## Task brief
Return the listing below exactly, with the pictures dropped.

## Data provided
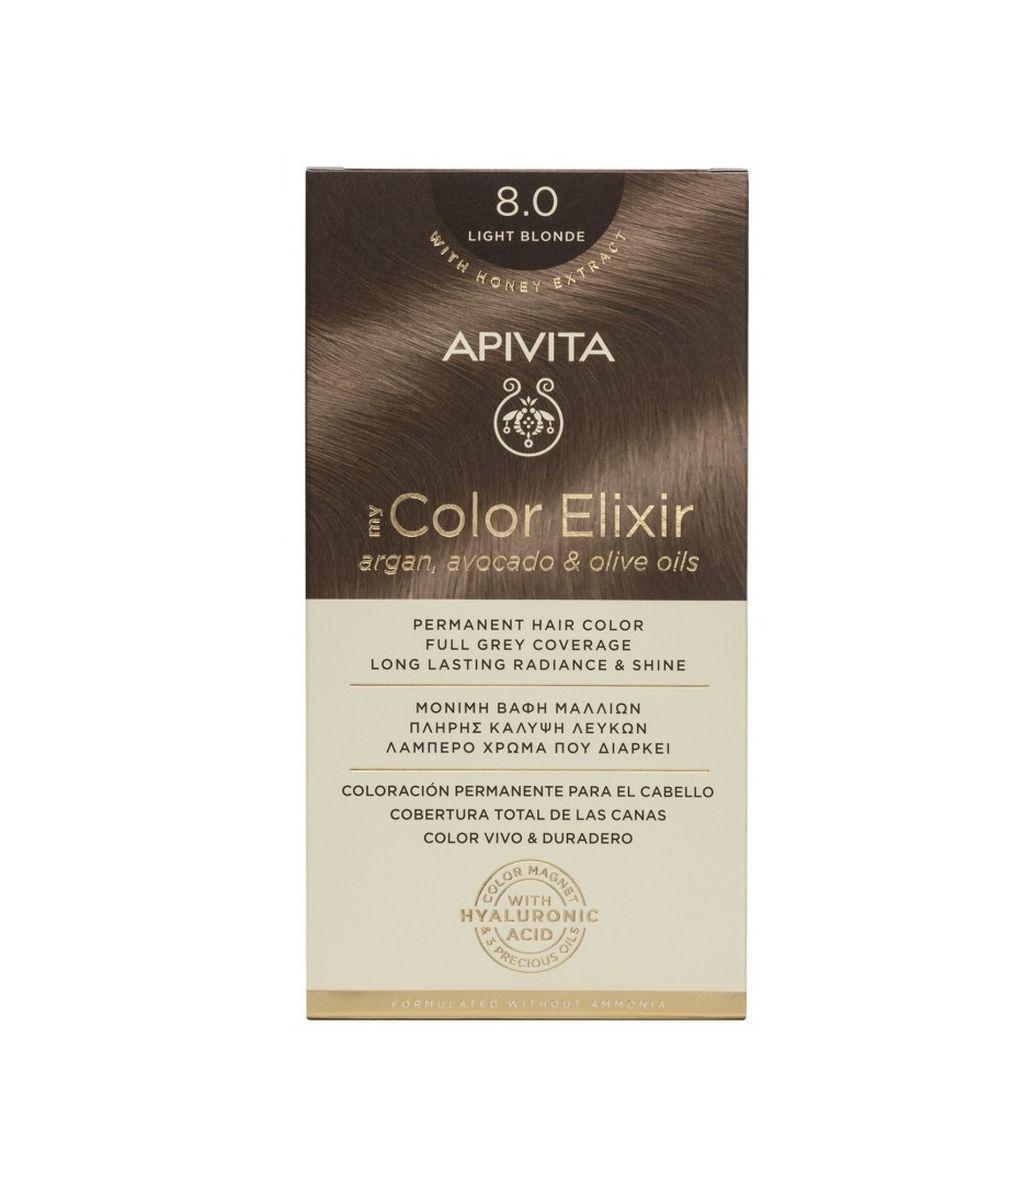 apivita-my-color-elixir-tinte-rubio-claro-n-8-0
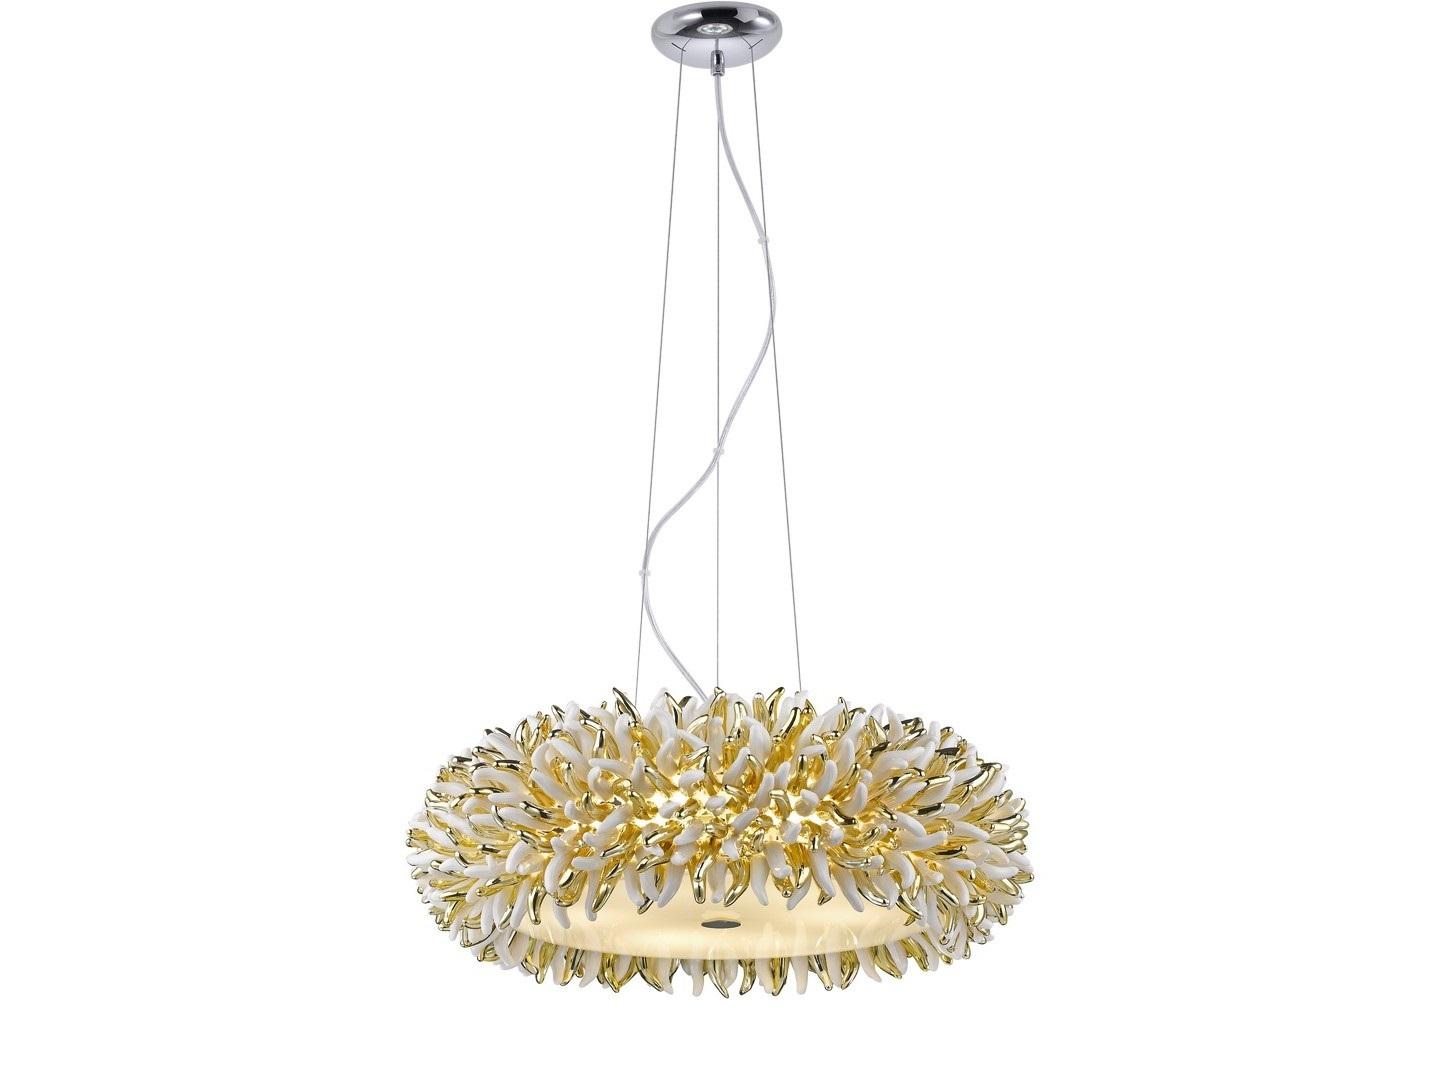 Подвесной светильникПодвесные светильники<br>Тип цоколя: E27&amp;nbsp;Мощность лампы: 20WКоличество ламп: 6<br><br>kit: None<br>gender: None
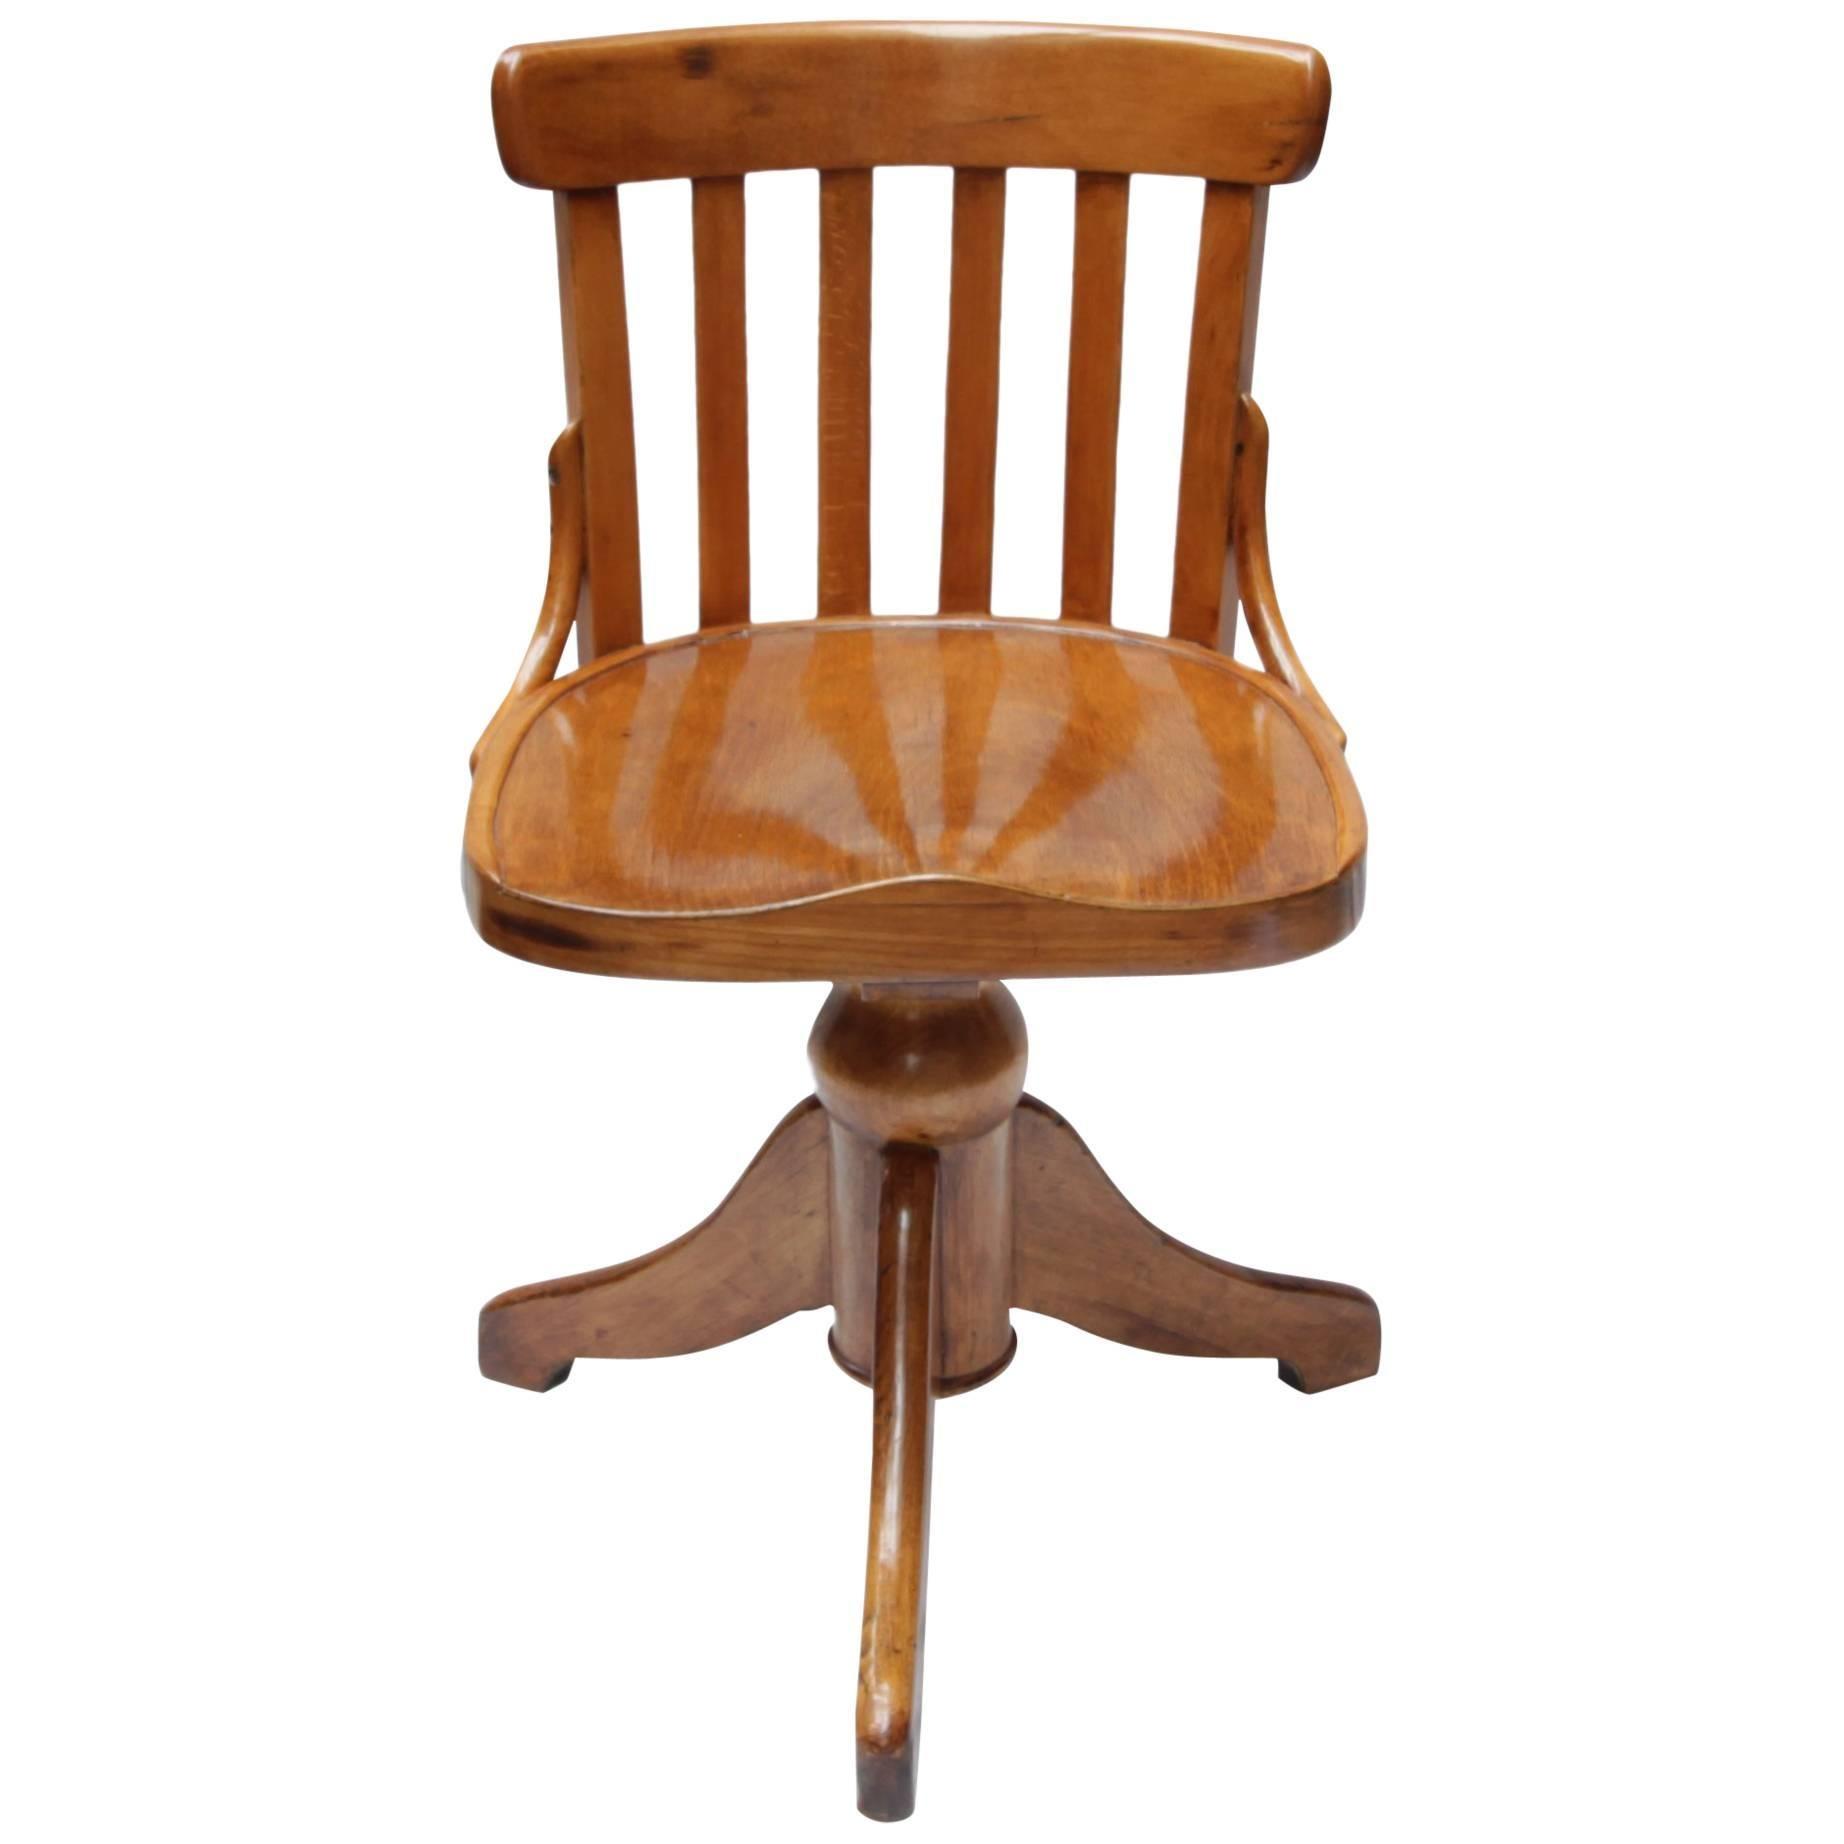 Art Nouveau Soild Beechwood Chair to Turn for Height Adjustable

## Solution to the problem
 apivita-my-color-elixir-tinte-rubio-claro-n-8-0
 Подвесной светильникПодвесные светильники<br>Тип цоколя: E27&amp;nbsp;Мощность лампы: 20WКоличество ламп: 6<br><br>kit: None<br>gender: None
 Art Nouveau Soild Beechwood Chair to Turn for Height Adjustable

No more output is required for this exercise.